OnForce has closed a $6.75 million series A1 financing round led by Accel Partners. OnForce is a “marketplace for on site IT services”. Companies use the site to post contract gigs for registered IT professionals in your area. Postings can be made to the site for $11 with 10% of the parts and labor taken after completion of the job and final payment transferred. OnForce plans on putting the financing toward expanding their operations into new markets outside of their current U.S. operations.
Marketplaces for technical services, especially coding, have been around for some time now, but the emergence of startups like Odesk and OnForce have shown there’s room for improvement. OnForce’s marketplace currently has more than 10,000 service professionals and has completed over 500,000 service events in its IT services marketplace. Their site also says they have an 18 minute median time till acceptance for work orders.
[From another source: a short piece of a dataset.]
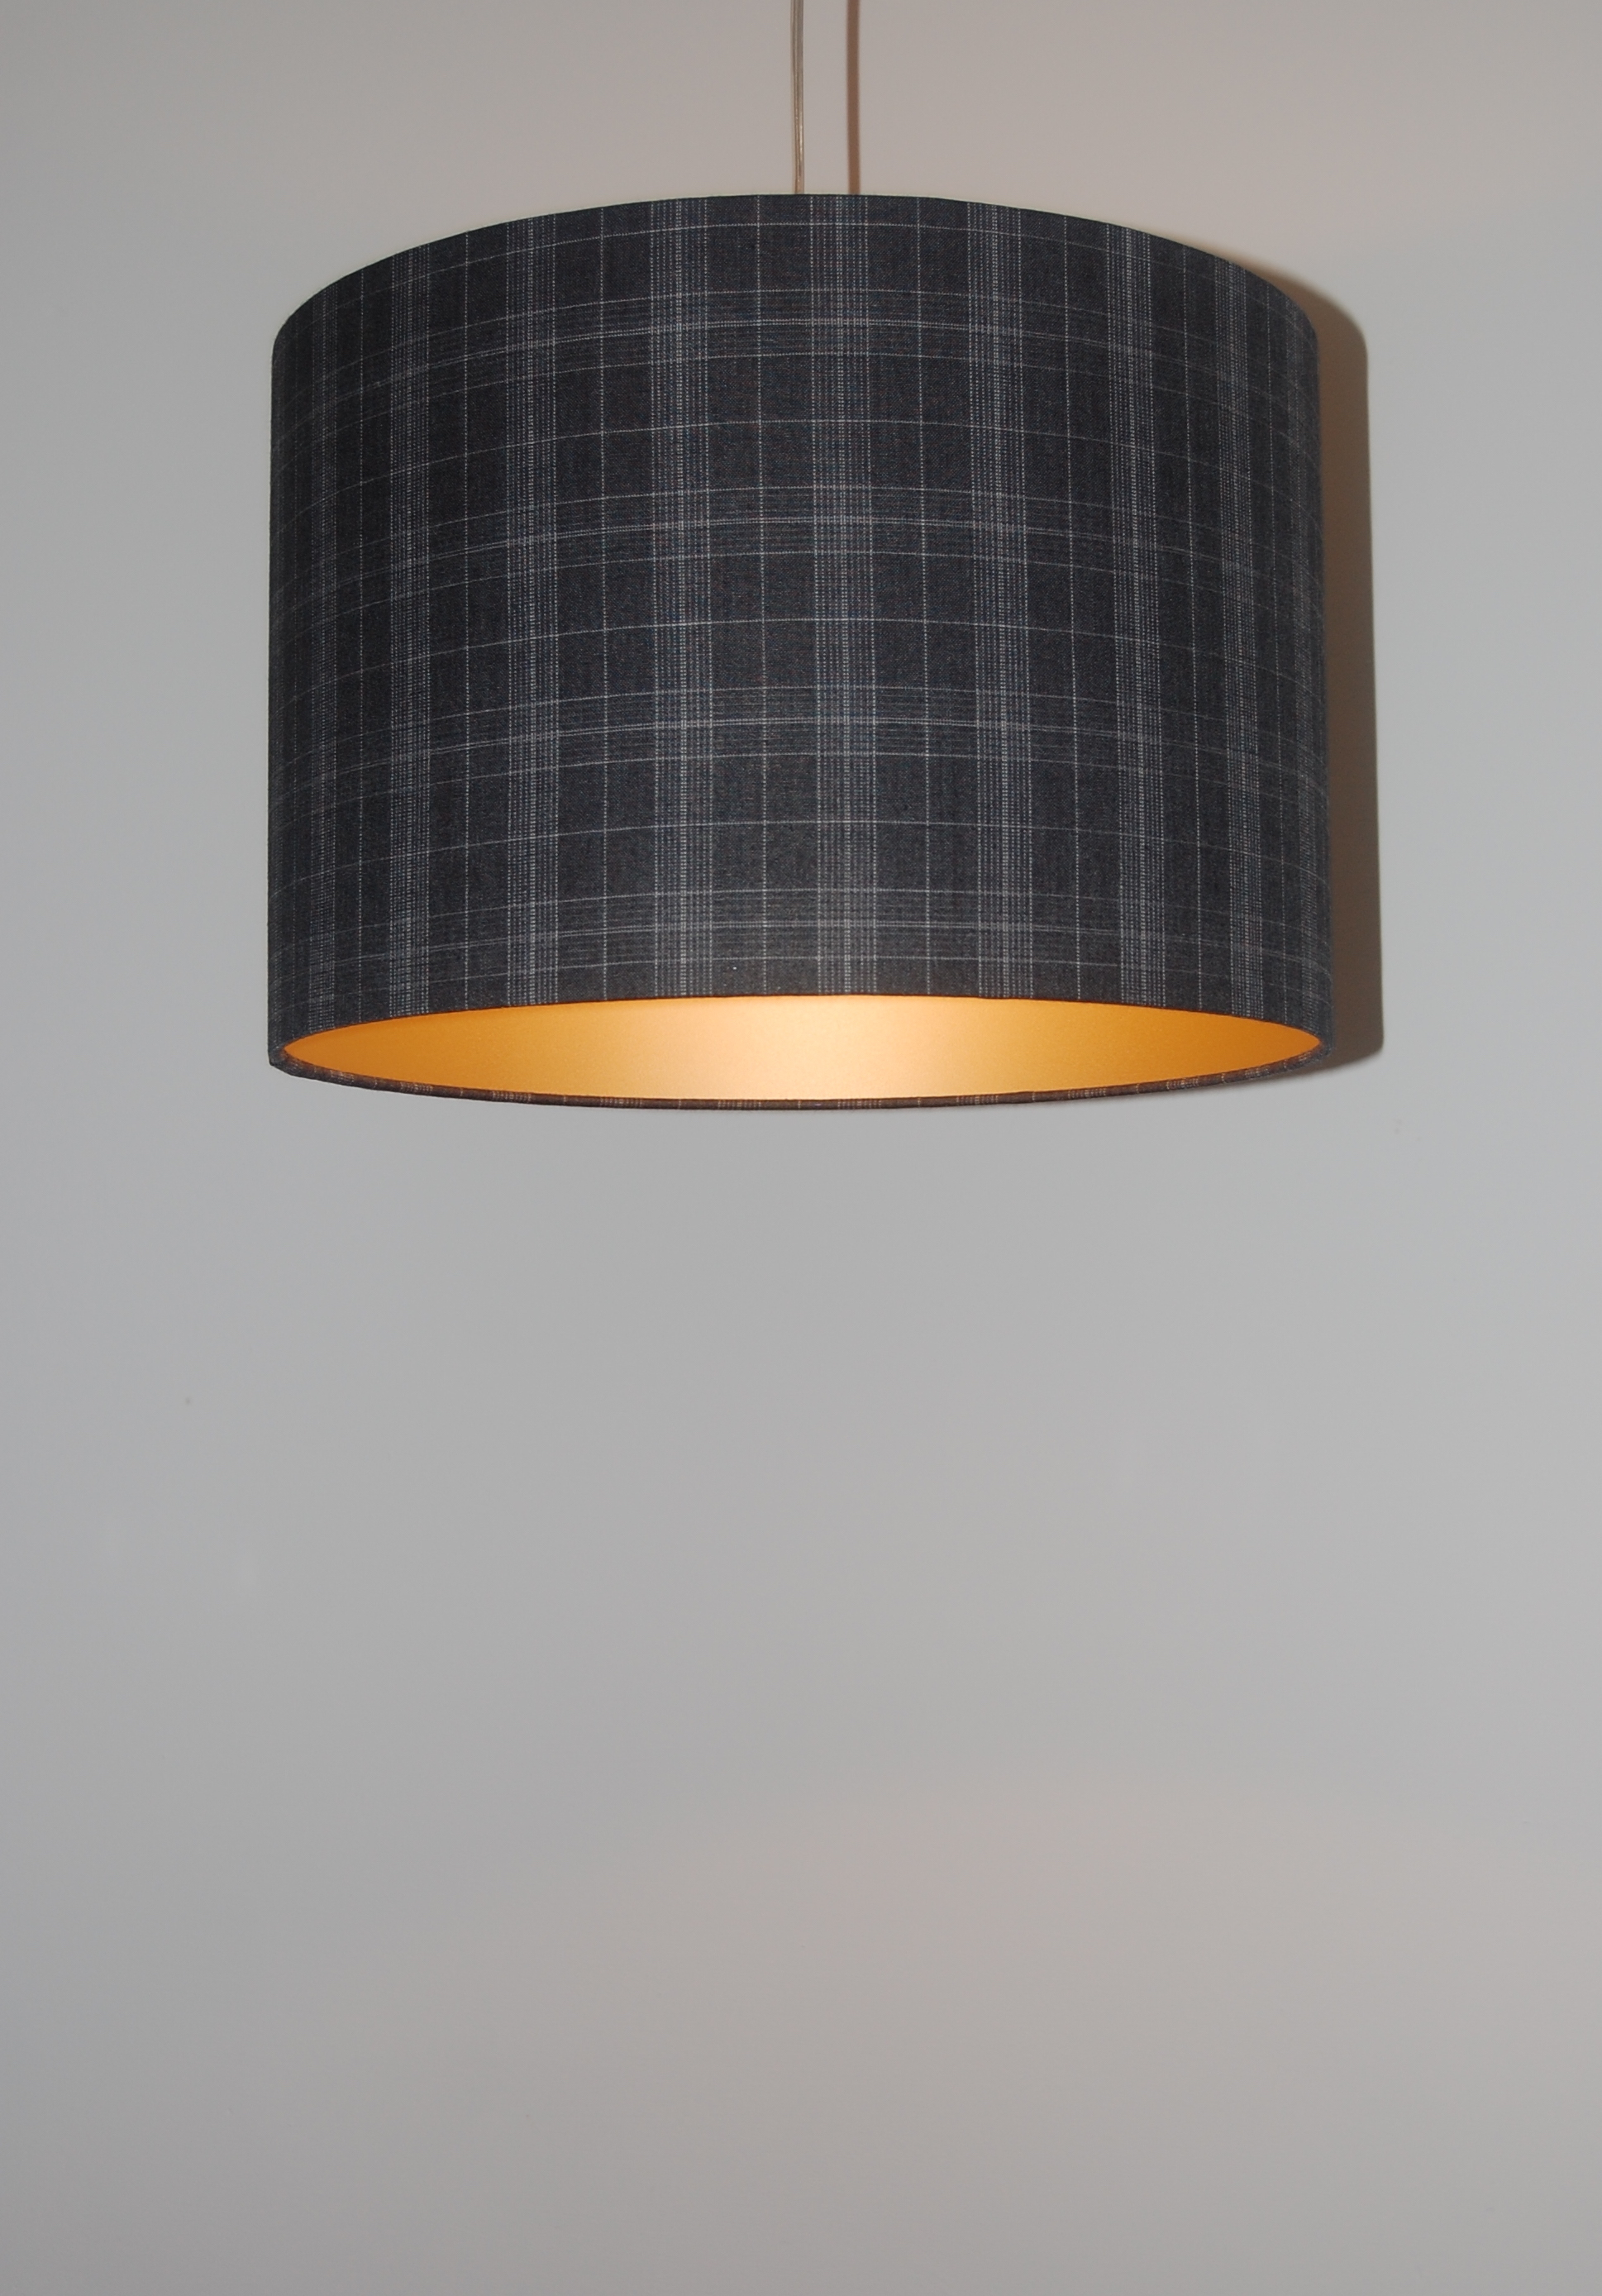 Tartan lamp shades

A key element for marketplaces is building trust between buyers and sellers. To that end OnForce has implemented training sessions, a ratings system, verified certifications, and optional background checks from ChoicePoint.





This is no news!
Slow day guys?
The real news is:
“Ballmer Dissed By TC40, Staff Apologizes, Riley Resigns!”
http://fakesteveballmer.blogspot.com
Here’s some (not really) news from the spyware dept: Is it time to add Claria to the deadpool? Started the year with ~200 employees, down to ~50 as of yesterday.
Hm, this would definitely be geared towards professional IT consultants….makes me feel like just giving up on trying to enter that area :’( everyone will flock to the pro’s on this site
Interesting idea, though 11% seems pricey.
thanks to share, for me still are news
11% seems pricey.
bp
trading tennis
It’s a little steep, but with the services that I can now offer as a result it’s totally worth it. Basically, I now have nationwide service coverage for those sticky situations that actually require someone on-site.
And besides, you get to decide how much you’ll pay (per hour, per gig, etc) before you send the work request. After it’s sent, who ever responds first gets the gig.
The service buyer (usually a VAR, solution provider or IT staffing firm) just pays the access fee of $11 per service event. These companies can create nationwide coverage and bring on specialized skills like VoIP, consumer electronics, point of sale, etc. And because it’s purely on-demand, there’s no upfront cost of hiring, training or retaining new employees.
In exchange for OnForce finding the project, handling nearly instantaneous payment and tax paperwork, the service provider pays 10% after the service event closes.
Aw, congrats to them! I know somebody on the team there, Accel is in very good hands.